Minimal coupling in Dirac equation

Question

In the framework of relativistic quantum mechanics (not QFT) the Dirac equation in presence of external electromagnetic field is obtained by means of the minimal coupling, i.e. the substitution:

$$p_{\mu} \rightarrow p_{\mu}-eA_{\mu}$$

This substitution is often motivated by saying that it "ensures gauge invariance of the theory" (Greiner "Relativistic quantum mechanics", page 121). The resuting "modified" Dirac equation is:

$$i\frac{\partial\psi}{\partial t}=\left( \vec{\alpha} \left( \vec{p}-e\vec{A} \right)+\beta m + e \phi\right)\psi$$ This equation seems to change if one changes the 4-potential by a gauge transformation $A_{\mu}\rightarrow A_{\mu}+\partial_{\mu}\Lambda$. So what does it mean that the minimal coupling ensures gauge invariance? What am I missing?

Answer 1

You are missing the phase transformation of $\psi$.

The Dirac equation is indeed not invariant to the gauge transformation $$A_{\mu}\rightarrow A_{\mu}+\partial_{\mu}\Lambda$$ alone.

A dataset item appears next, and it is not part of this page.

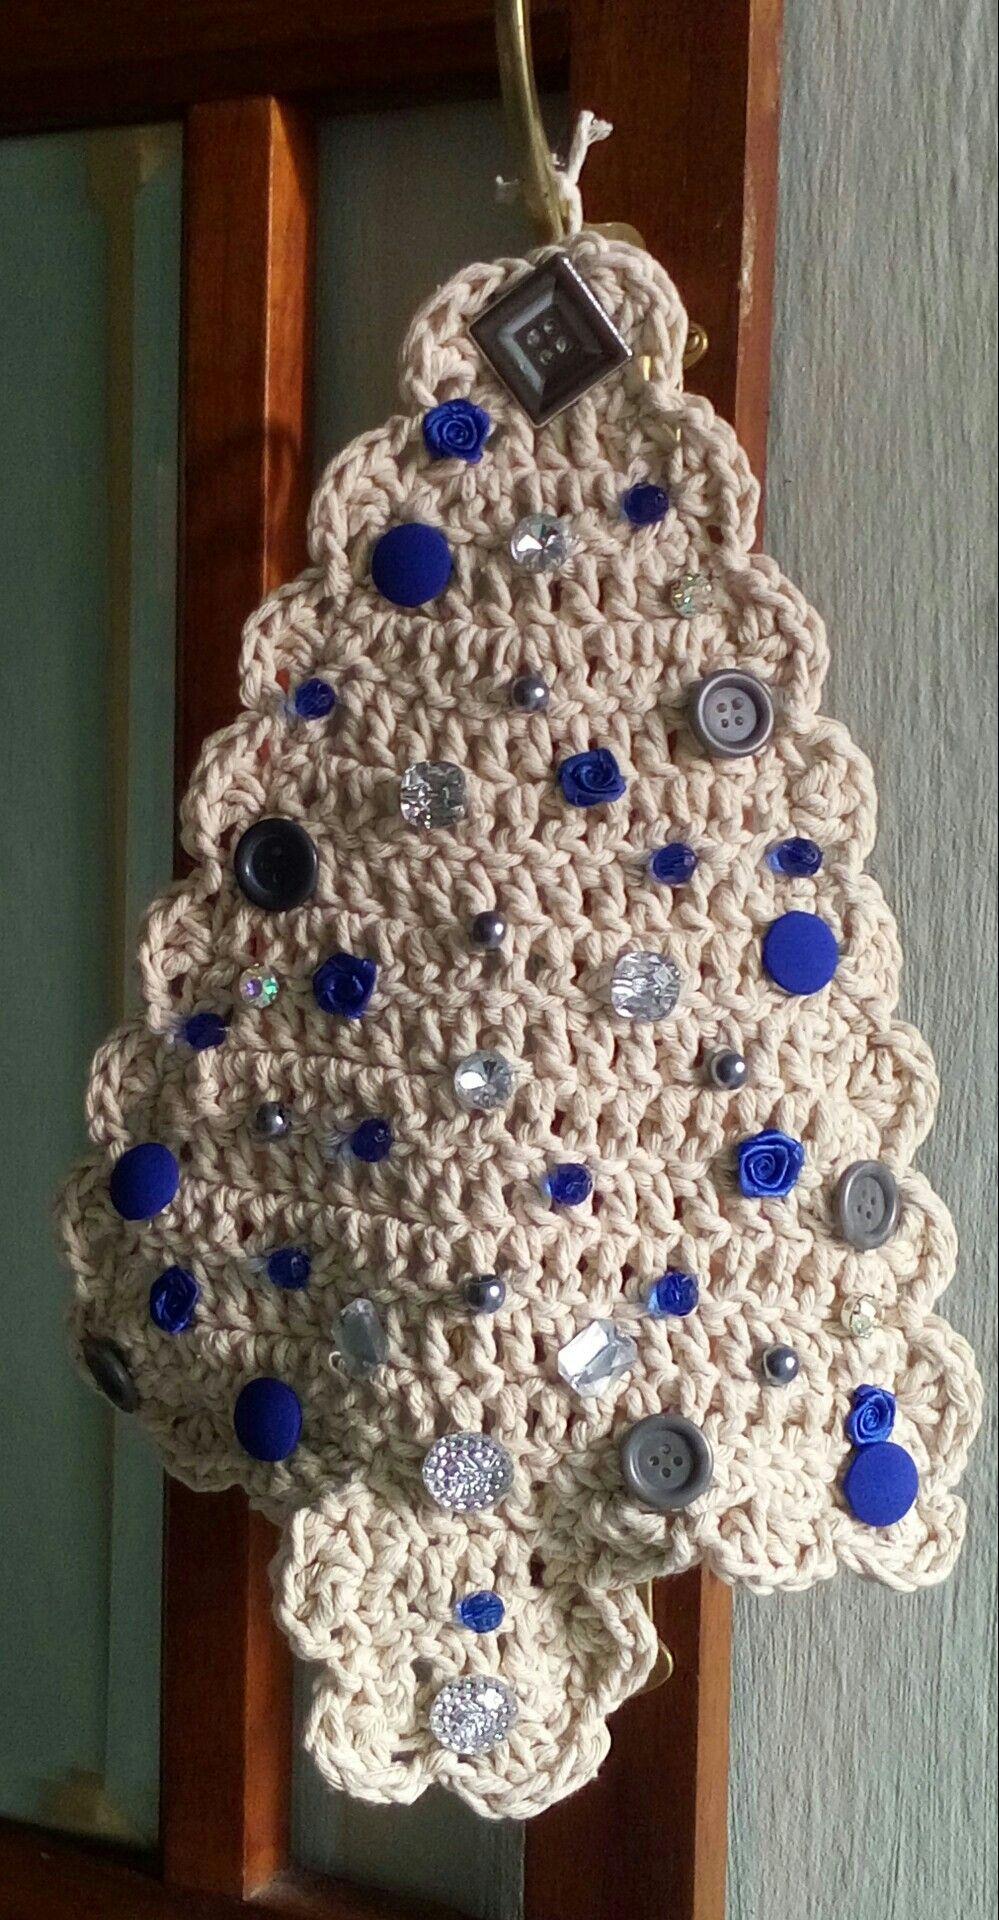 Enfeite de Natal para a porta com botões, contas, pedrinhas e florezinhas de tecido

But it is invariant to the combined gauge/phase transformation $$\begin{align} A_{\mu}&\rightarrow A_{\mu}+\partial_{\mu}\Lambda \\ \psi &\rightarrow \exp\left(-\frac{ie\Lambda}{\hbar}\right)\psi \end{align}$$

Answer 2

What am I missing?

You are missing the fact that a gauge transformation transforms $\psi$ as well. It changes the complex phase of the spinor at each point in spacetime. See if you can figure out how much of a phase change will leave the equation unchanged.

It’s this local phase change of the matter field that explains why the gauge group for electromagnetism is called $U(1)$.